Just because this isn’t cheap relative to the world GDP doesn’t mean it’s enough. If our goal was “build a Dyson sphere” even throwing our whole productivity towards it would be cheap. I’m not saying there aren’t any concerns, but the money is still mostly going to capabilites and safety, while a concern, still needs to be compromised also with commercial needs and race dynamics—albeit mercifully dampened. Honestly with LeCun’s position we’re just lucky that Meta isn’t that good at AI, or they alone would set the pace of the race for everyone else.

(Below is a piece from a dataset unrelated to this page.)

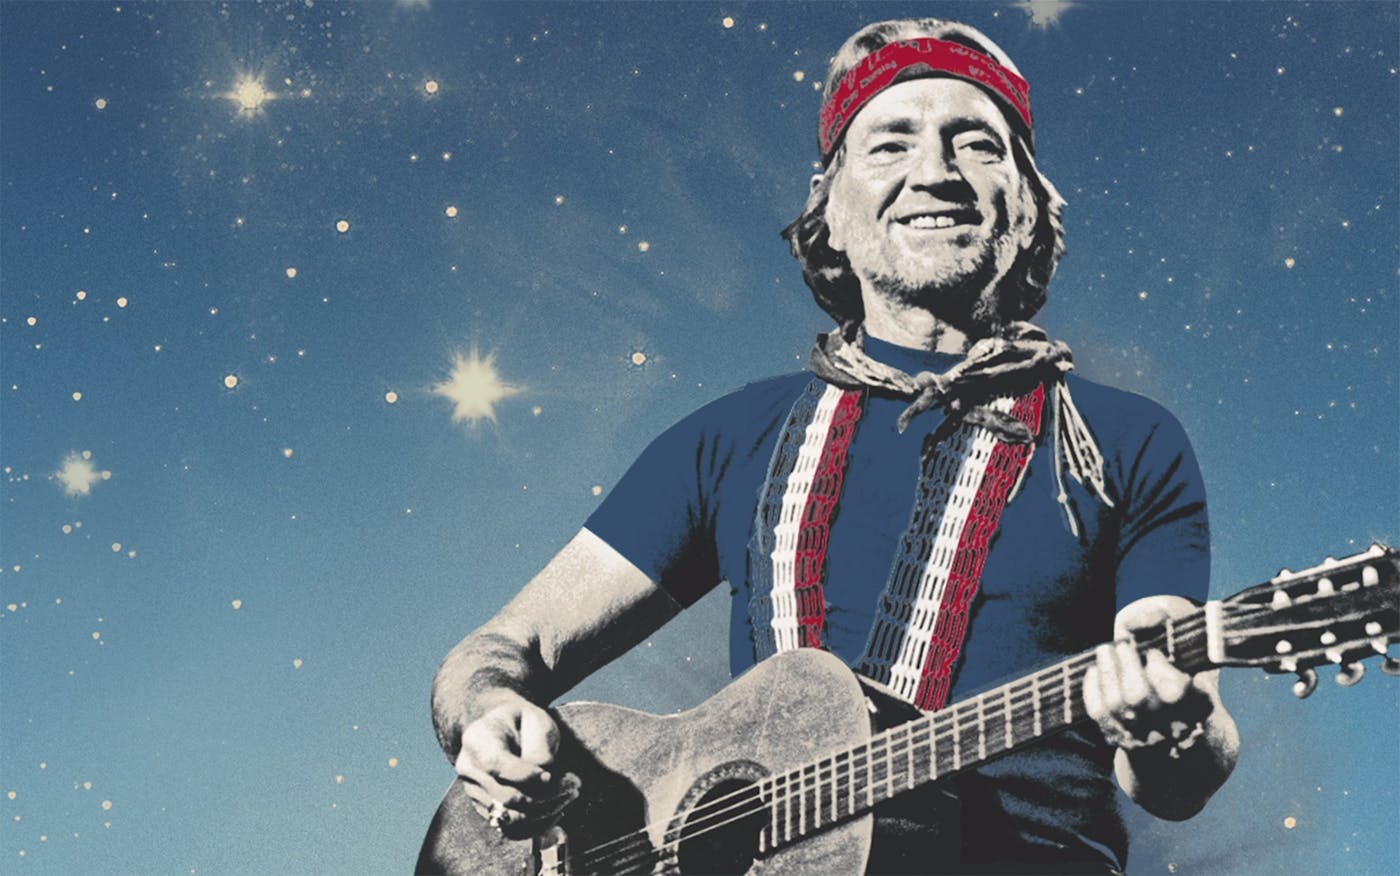 https://img.texasmonthly.com/2020/04/willie-nelson-albums-ranked-feature.jpg?auto=compress&crop=faces&fit=crop&fm=jpg&h=1050&ixlib=php-3.3.1&q=45&w=1400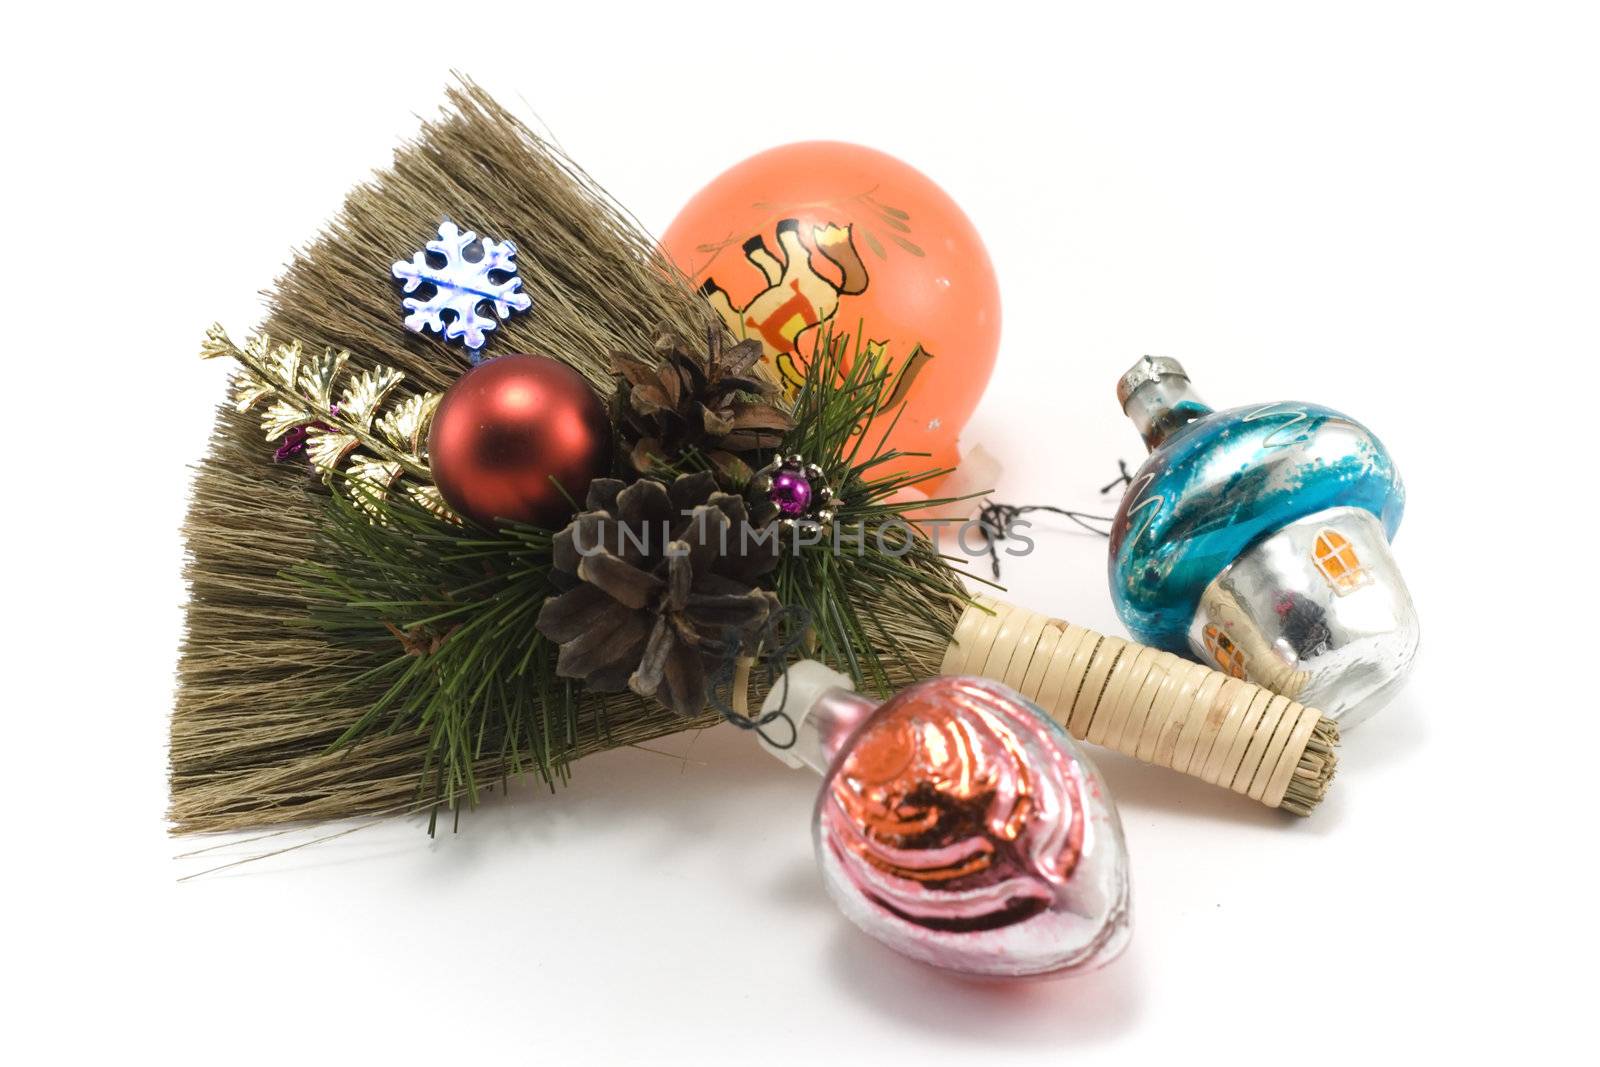 Cristmas, besom, embellishment for ated insulated on white background

I think Meta have been somewhat persuaded by the Biden administration to sign on for safety, or at least for safety-theatre, despite LeCun. They actually did a non-trivial amount of real safety work on Llama-2 (a model small enough not to need it), and then never released one size of it for safety reasons.. Which was of course pointless, or more exactly just showing off, since they then open-sourced the weights, including to the base models, so anyone with $200 can fine-tune their safety work out again. However, it’s all basically window dressing, as these models are (we believe) too small to be an x-risk, and they were reasonably certain of that before they started (as far as we know, about the worst these models can do is write badly-written underage porn or phishing emails, or similarly marginally assist criminals.)
Obviously no modern models are an existential risk, the problem is the trajectory. Does the current way of handling the situation extrapolate properly to even just AGI, something that is an open goal for many of these companies? I’d say not, or at least, I very much doubt it. As in, if you’re not doing that kind of work inside a triple-airgapped and firewalled desert island and planning for layers upon layers of safety testing before even considering releasing the resulting product as a commercial tool, you’re doing it wrong—and that’s just for technical safety. I still haven’t seen a serious proposal of how do you make human labor entirely unnecessary and maintain a semblance of economic order instead of collapsing every social and political structure at once.